Hello, I need assistance with a circuit diagram. I'm looking to charge a battery using a solar panel. My setup includes a 300-watt solar panel with an open-circuit voltage (Voc) of 42V and a maximum power voltage (Vmp) of 36V, paired with a 12V battery. I'm employing a non-isolated asynchronous buck converter and wish to incorporate a relay between the converter and the battery. The relay should disconnect when solar power is insufficient.
I've observed that the panel doesn’t deliver adequate power when the voltage drops to about 20V under load. Therefore, I've set the relay to disconnect the buck converter at this voltage.

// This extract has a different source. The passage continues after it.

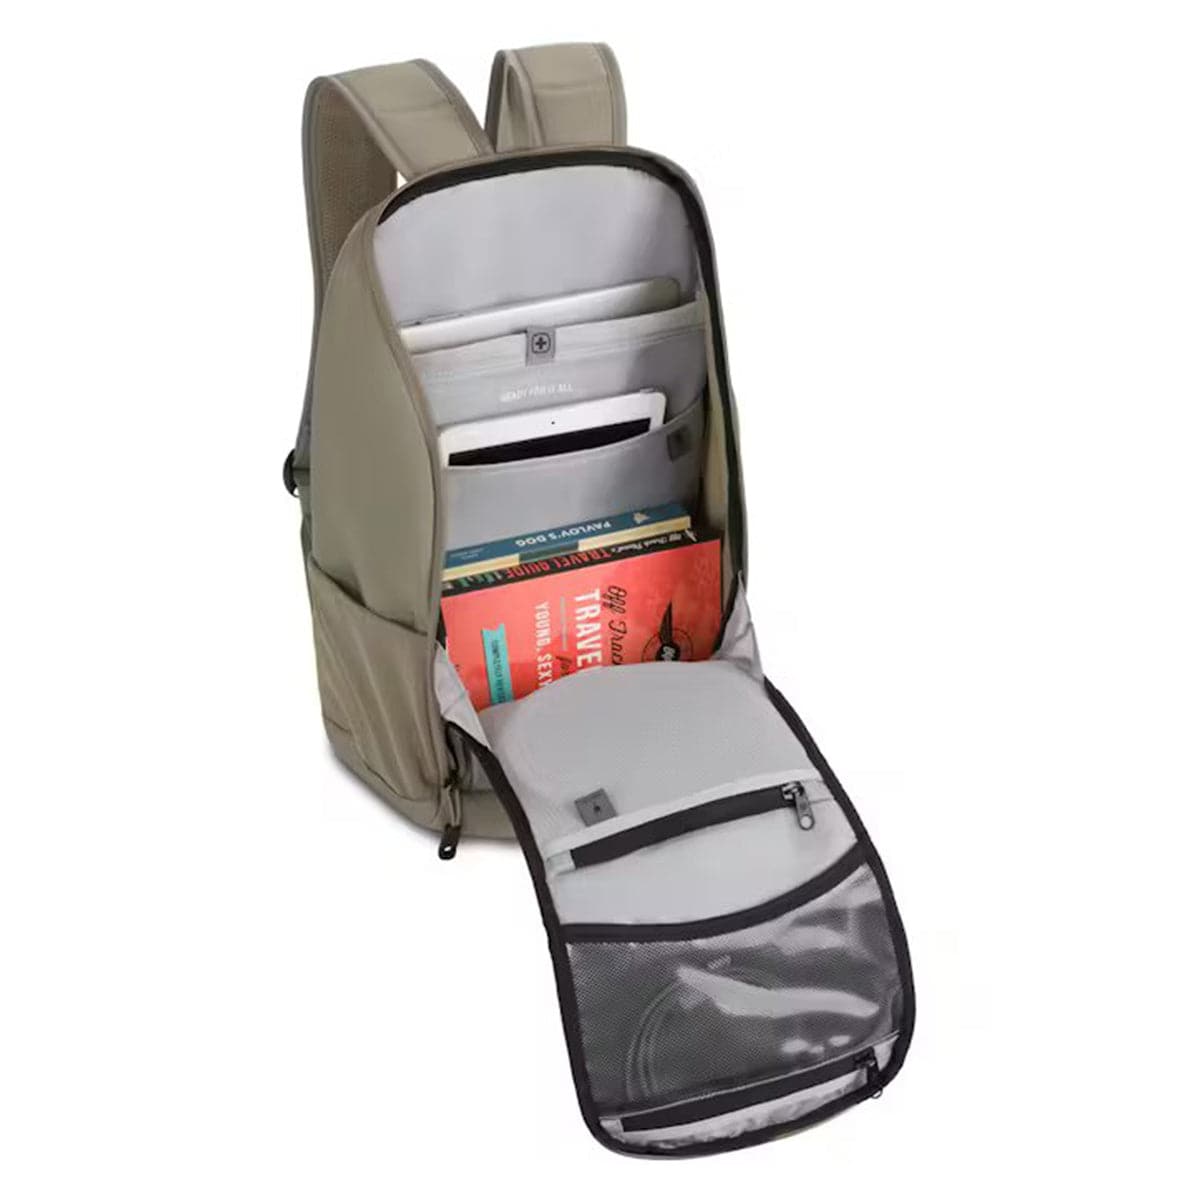 SwissGear 16" Laptop Backpack

I've designed a basic circuit using a voltage divider, NPN and PNP transistors to control the relay. However, I'm encountering an issue with the relay flickering. When the voltage dips below 20V, the relay disconnects, causing the load to disconnect as well, which makes the panel voltage jump to 25V, leading to continuous switching on and off of the relay.
I need a circuit that disconnects the relay at 20V and reconnects it only when the voltage exceeds 25V, without using a microcontroller. Could you please help me resolve this issue?

 

A simple Diode should work just fine to prevent Battery discharge.

It will possibly require readjusting the Charging-Voltage to
make up for the lost ~0.7-Volt Diode-Forward-Voltage.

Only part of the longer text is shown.